Following their example requires us to be equally nuanced in seeing how others also live under the threat of state violence. Think of protesters who are teargassed while blocking a highway to push for an end to police brutality. Or think of pregnant people and their doctors in states that prohibit abortion, where life-saving medical care is treated as a felony. Maybe they are just as justified in breaking the law as computer security researchers were.

Challenging the law is not giving up on ethics—quite the opposite. We still must always ask whether what we plan to do is ethical, appropriate, and respectful of human rights and dignity. What the law says is an important part of that process; law at its best is a legitimate democratic expression of a community's moral beliefs and helps people live together in society. But law is neither the beginning nor the end of ethical responsibility, and equating legal compliance with real ethical judgment is a lazy shorthand that falls apart on close scrutiny.

The areas of the greatest legal uncertainty and the greatest legal risk are often the ones where our work is most necessary.
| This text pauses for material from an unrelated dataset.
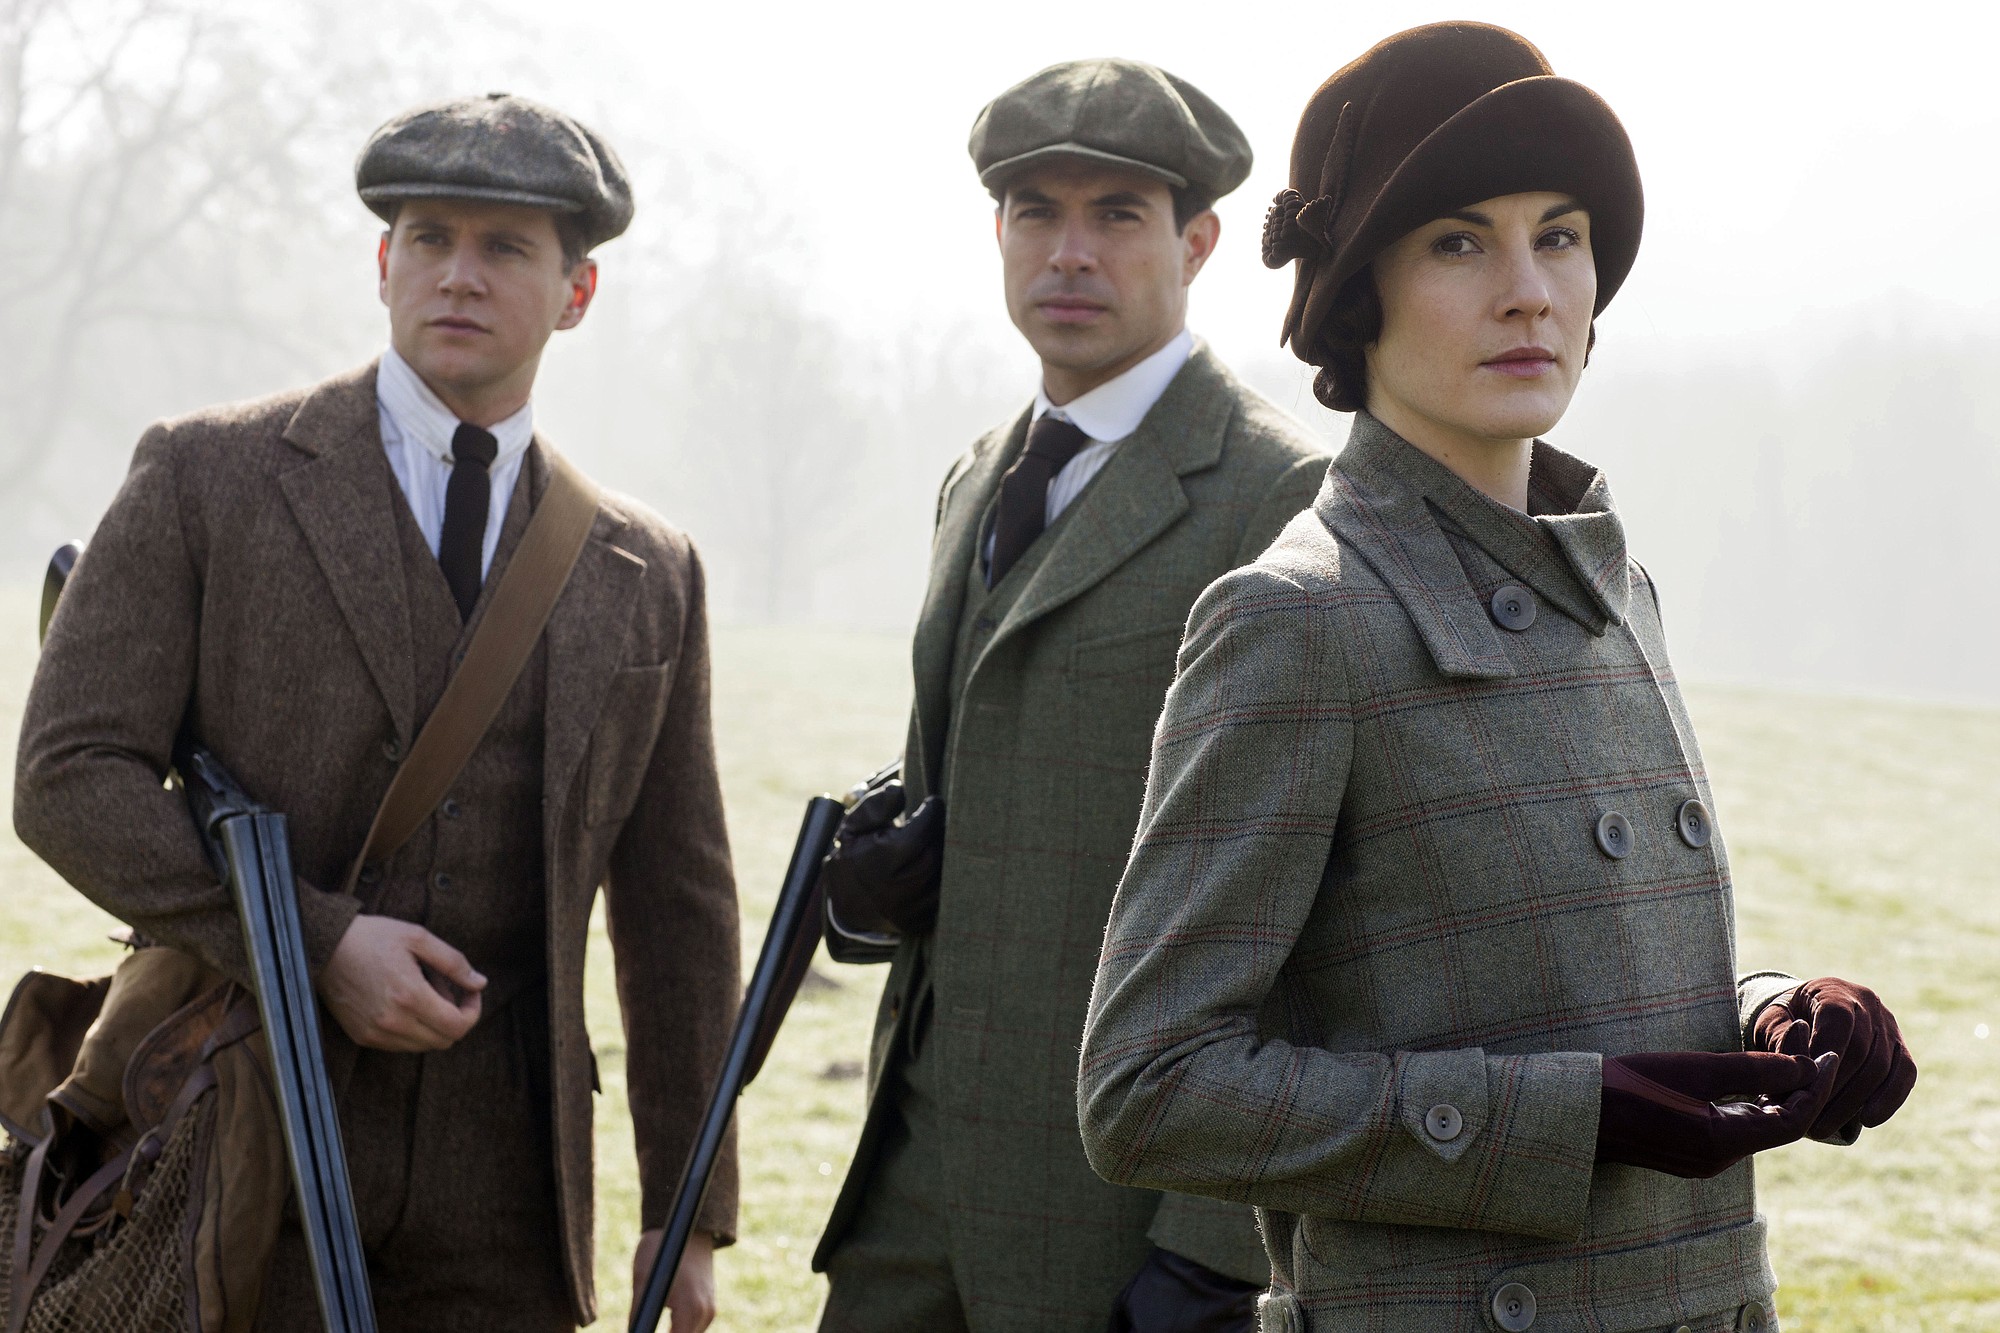 This photo provided by PBS/Masterpiece shows, from left, Allen Leech as Tom Branson, Tom Cullen as Lord Gillingham, and Michelle Dockery as Lady Mary, in a scene from season 5 of &quot;Downton Abbey.&quot; The show premieres Sunday, Jan.

For some, that involves publicly blowing the whistle on substandard security. For others, it involves secretly transporting minors across state lines to obtain abortions. For a third group, it might involve building tools that keep the government from spying on protesters. Some will file lawsuits; others will flout the law and dare the authorities to arrest them.

None of this will be easy. But those of us who often end up on the right side of the ever-moving line between "law-abiding" and "criminal" owe our criminalized colleagues nothing less.

We just did the right thing. And if we could do it once, we can do it again.

    1. Galanter, M. Why the haves come out ahead: Speculations on the limits of legal change; https://doi.org/10.2307/3053023

    2. Hollinger, R.C. and Lanza-Kaduce, L. The process of criminalization: The case of computer crime laws. Criminology 101, 26 (1988).

    3. Sellars, A. Twenty years of Web scraping and the Computer Fraud and Abuse Act. B.U. J. Sci. and Tech. L. 372 (2018).

    a. See https://perma.cc/RG6M-MMEH

    b. See Sandvig v. Barr, 451 F. Supp. 3d 73 (D.D.C. 2020).

    c. See Van Buren v. United States, 141 S. Ct. 1648 (2021).